Film Review – Knives Out


Knives Out is an exceptionally well-crafted old school murder mystery from writer/director Rian Johnson, recalling various Agatha Christie greats, and related twisty-turny films such as Sleuth. If like me you are a connoisseur of the genre, you will find much to enjoy here, in this tale of a famous crime author who supposedly commits suicide on his 85th birthday, amid a country house full of potential murder suspects. Deep south private investigator Benoit Blanc (Daniel Craig) suspects foul play. And yes, he nails the accent as well as the killer.

Naturally, a film like this requires an all-star cast, and Knives Out doesn’t disappoint in that area. In addition to Craig, you get Christopher Plummer, as murdered novelist, Harlan Thrombey. Other family members are played by Jamie Lee Curtis, Michael Shannon, Chris Evans, Don Johnson, Toni Collette, and Katherine Langford. There’s also a key role for Ana de Armas, as Harlan’s nurse, Marta.

Although this is first and foremost a delicious entertainment, there are traces of political commentary in the film; perhaps unintentional, but nonetheless reflecting what is clearly important to the director. Harlan’s family could be seen as America in microcosm, in their tediously polarised differences of political opinion, the often casually racist attitude to Marta (a running gag has them unable to agree on her country of origin), and in particular their hypocrisy when it comes to her treatment, even from characters who profess sympathy. One also can’t help but wonder whether the character of Jacob (Jaeden Martell), a sixteen- year old alt-right internet troll, isn’t a personification of a certain vocal (but I’m convinced minor) faction of Star Wars fandom, who took exception to Johnson’s previous film, The Last Jedi.

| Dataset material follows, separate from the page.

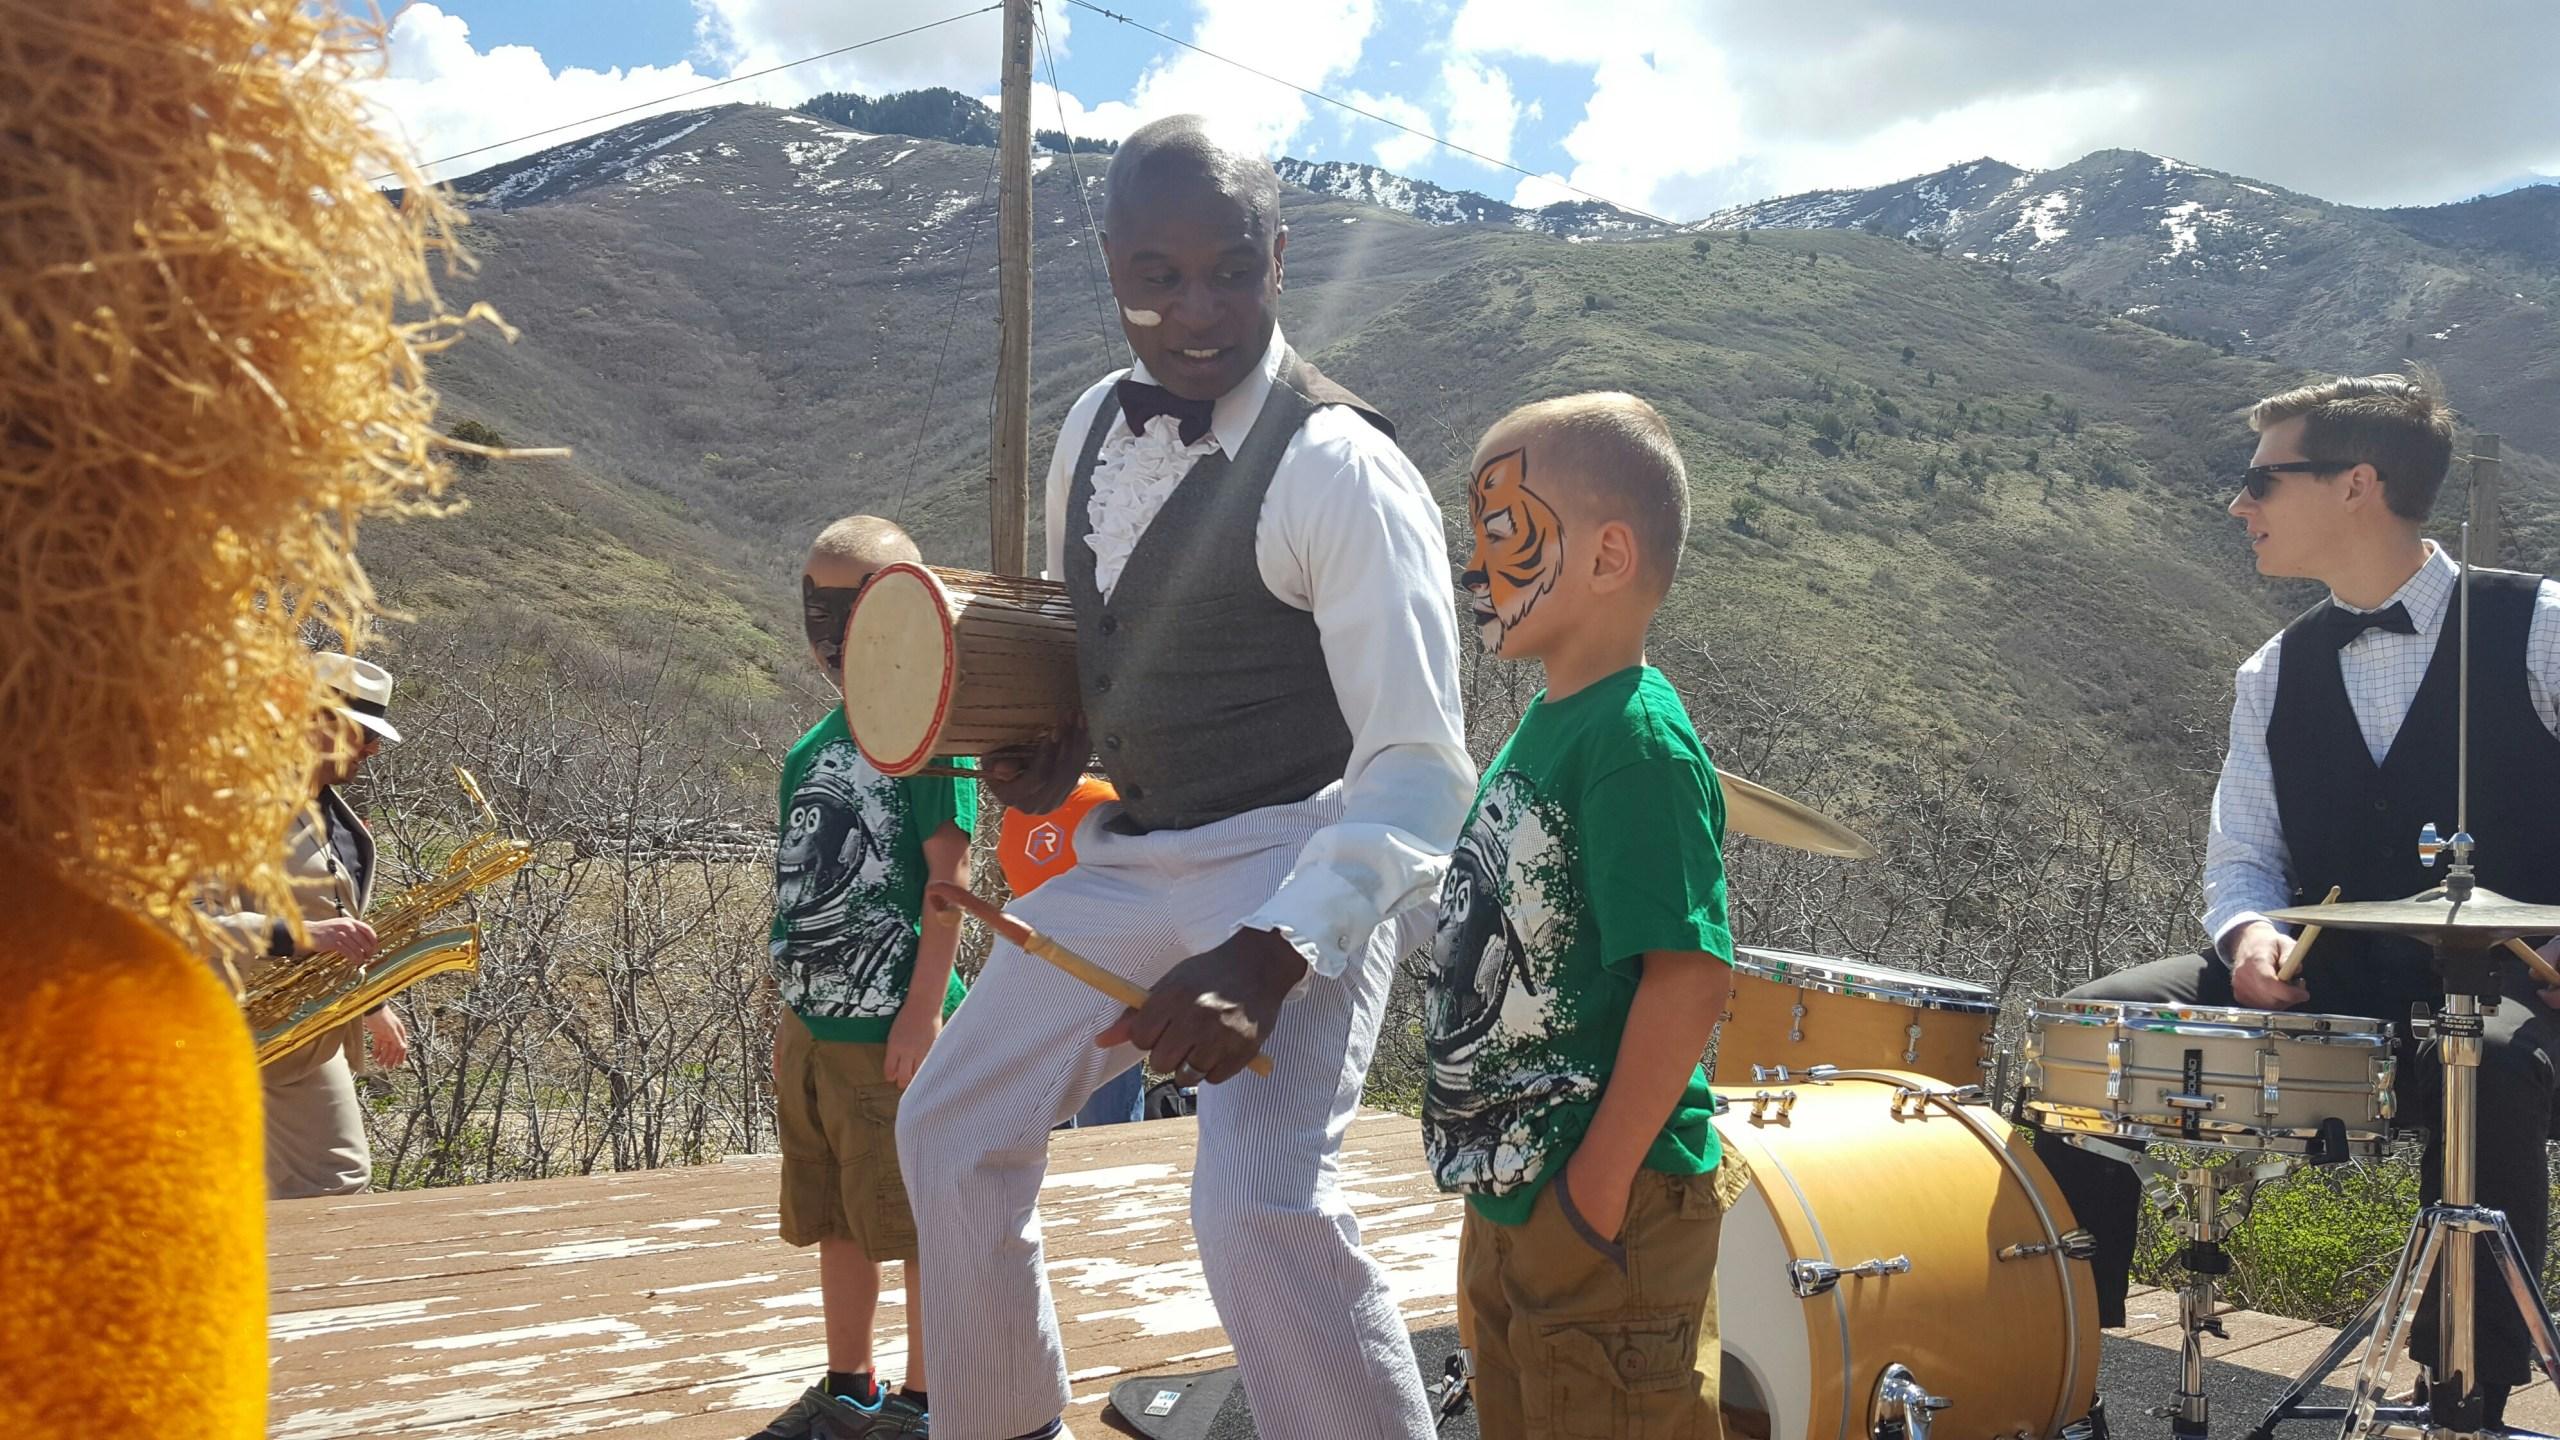 Camp K Jungle Book Video Shoot - Alex Boye and the Divricean Boys_1460681497853.jpg
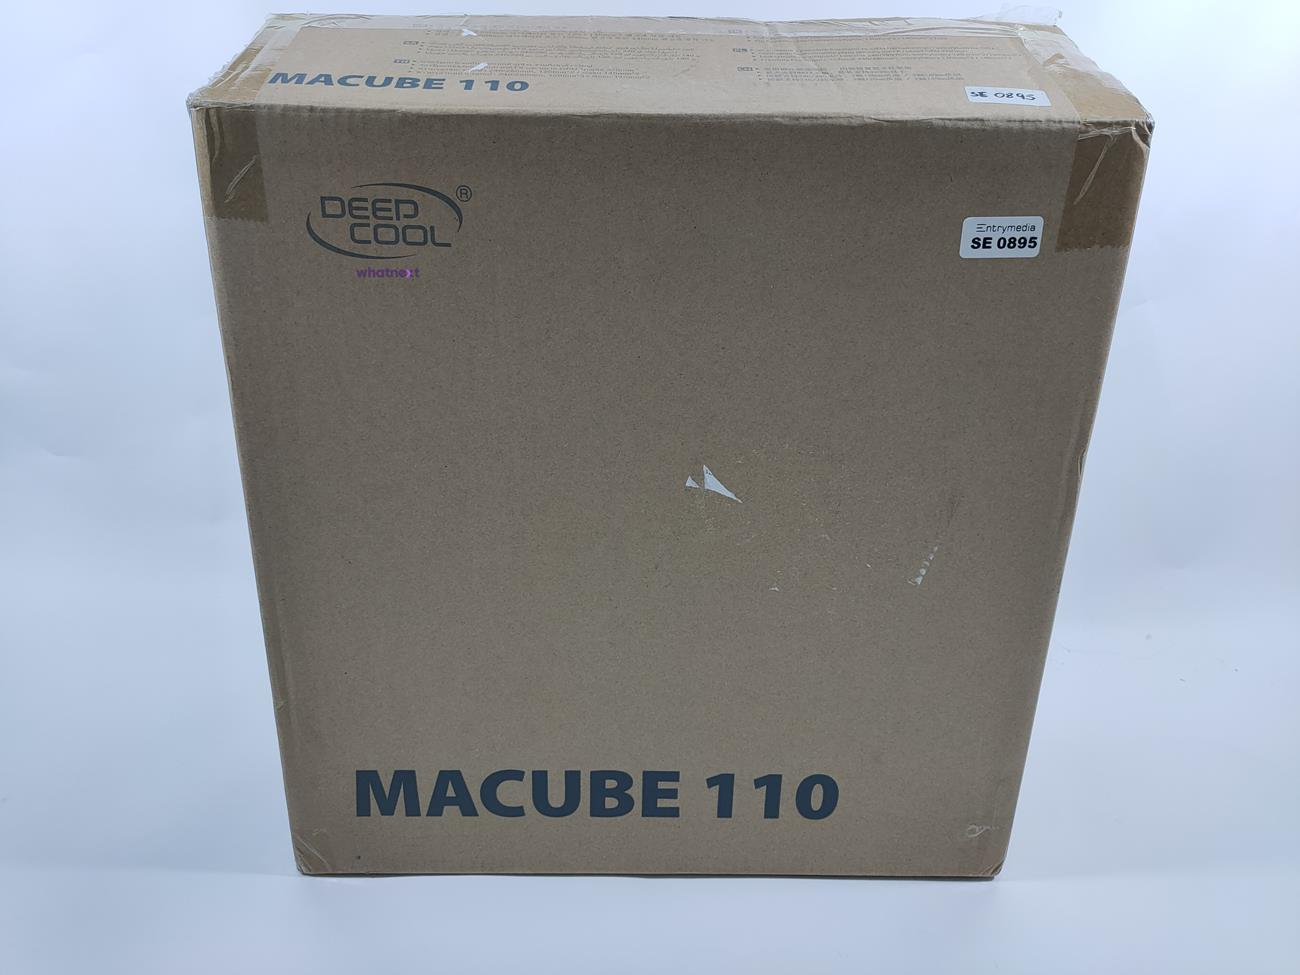 test Deepcool Macube 110, recenzja Deepcool Macube 110, review Deepcool Macube 110, opinia Deepcool Macube 110

Of course, none of that is preachy or explored in great detail. Nor does it matter that I predicted the killer very early. The chief pleasure comes from watching Blanc unravel the how and the why of the puzzle with Poirot-esque aplomb (and just a dash of Columbo in there too, I fancy). I wonder whether Daniel Craig could be tempted back for further cases? I hope so. At this point though, Knives Out is a deftly plotted, witty, satirical whodunnit, with an awareness of genre that contains just the right amount of send-up. All in all, great fun.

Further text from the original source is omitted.